The common trigger is the $widened sidecar reaching one of those three writers because the Output node set include_unmapped: false (which suppresses the projection-layer expansion that would otherwise have flattened the map to top-level scalars). Two remediations exist, and the error message names both: leave include_unmapped at its default true so projection expands the map before write, or coerce the map to a scalar in CXL before the emit.

DLQ filtering

The dead-letter-queue writer applies the same exclusion at its own layer rather than relying on the main-path projection. dlq::dlq_user_columns strips every column tagged FieldMetadata::WidenedSidecar, so the DLQ CSV header never contains a $widened column even when a DLQ entry’s original_record still carries the full auto_widen schema shape. Correlation-lattice columns ($ck.*) are deliberately retained in DLQ output for collateral debugging — the DLQ filter excludes only the unserializable sidecar, not the engine-stamped provenance columns.

E315 — Merge inputs must agree on policy

Merge concatenates streams positionally against the merge node’s output_schema (taken from the first input). Every input must agree on column shape — same column names, same on_unmapped policy, same correlation_key set. The $widened agreement is a special case of that rule: if one upstream source uses auto_widen (and therefore carries the sidecar column) while another uses drop or reject (and does not), the two input schemas disagree on the presence of the $widened slot, and the positional concatenation has no coherent column to align. Compile fails:

E315: merge "merged": input schemas disagree on the `$widened` auto_widen sidecar column.

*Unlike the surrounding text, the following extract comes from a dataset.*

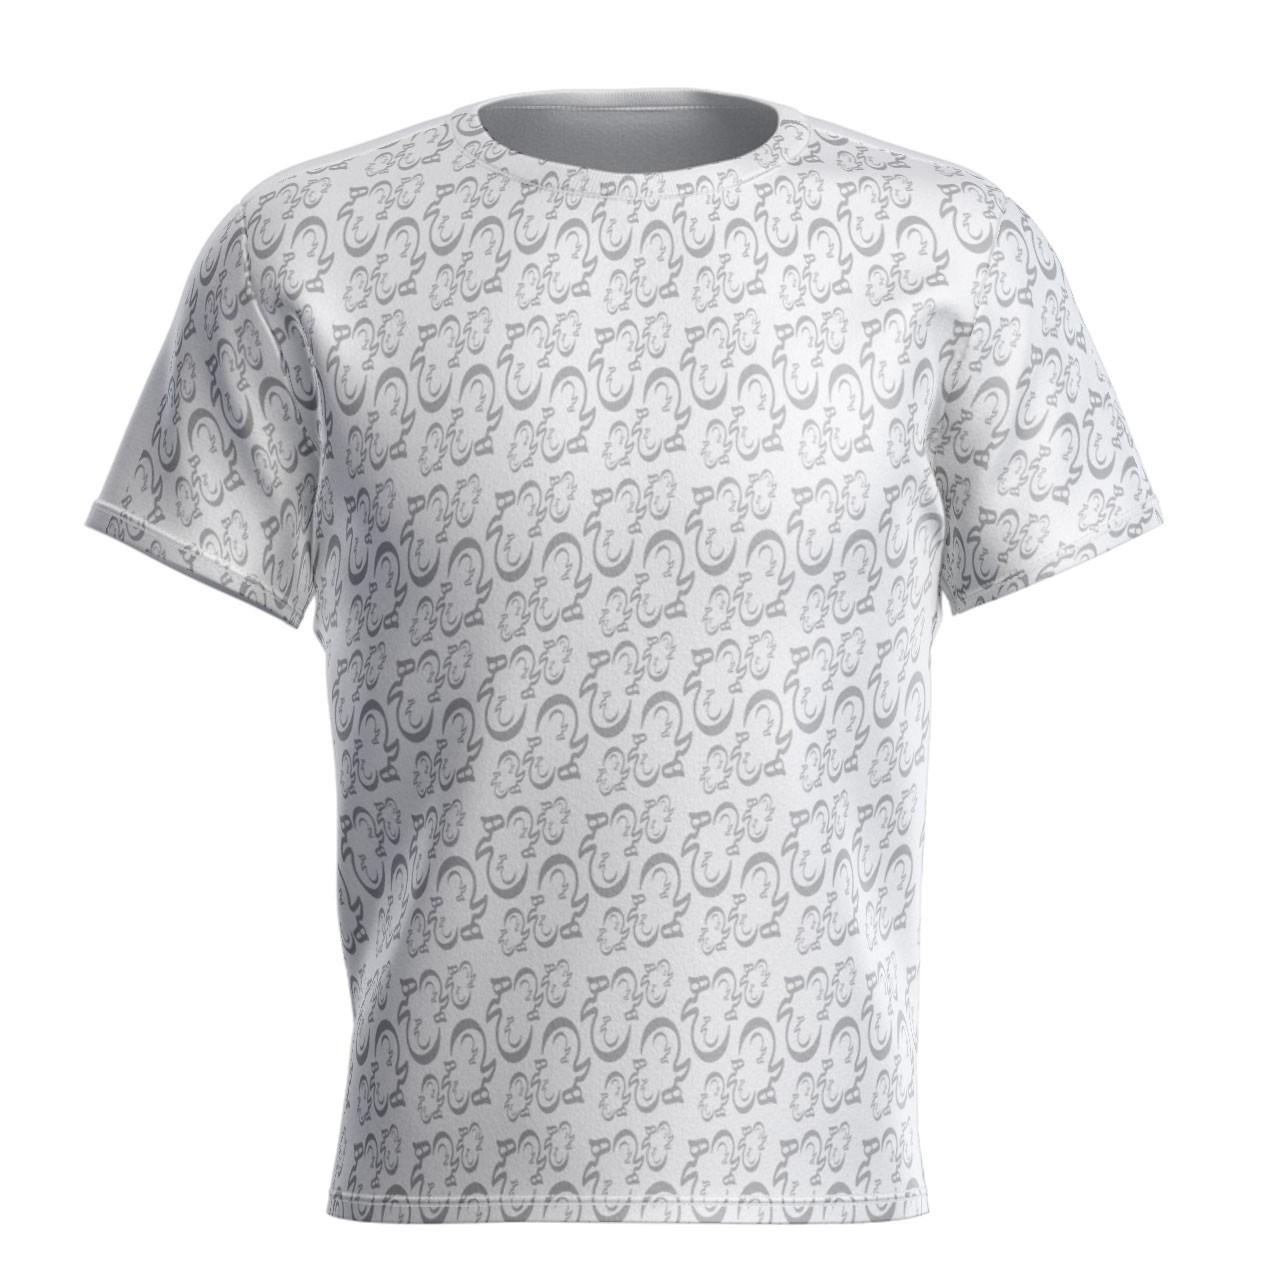 تی شرت تمام چاپ طرح هیچ

The remediation is to set every merge upstream source to the same on_unmapped policy; for sources that should explicitly omit the sidecar, declare on_unmapped: { mode: drop } (or reject) on each so the absent-sidecar shape is uniform across inputs.

Fixed-width sources are structurally inert

Fixed-width sources are positional: the schema is constructed from width / start..end byte ranges, and bytes outside the declared ranges are invisible to the reader. There is no notion of an “undeclared field” to absorb — a byte either falls inside a declared range (and becomes a declared column) or is never read. auto_widen therefore can never populate the sidecar for a fixed-width source; the $widened slot stays Value::Null for every record.

Because the policy is silently inert rather than wrong, the executor emits a tracing::info diagnostic at source-reader construction time when auto_widen is the policy on a fixed-width source, naming the source. The diagnostic fires once per reader instance — a source used as a combine build-side input across multiple combines may produce one log line per combine. To avoid the noise, switch to on_unmapped: drop (or reject) for explicit scalar semantics, or accept the empty sidecar.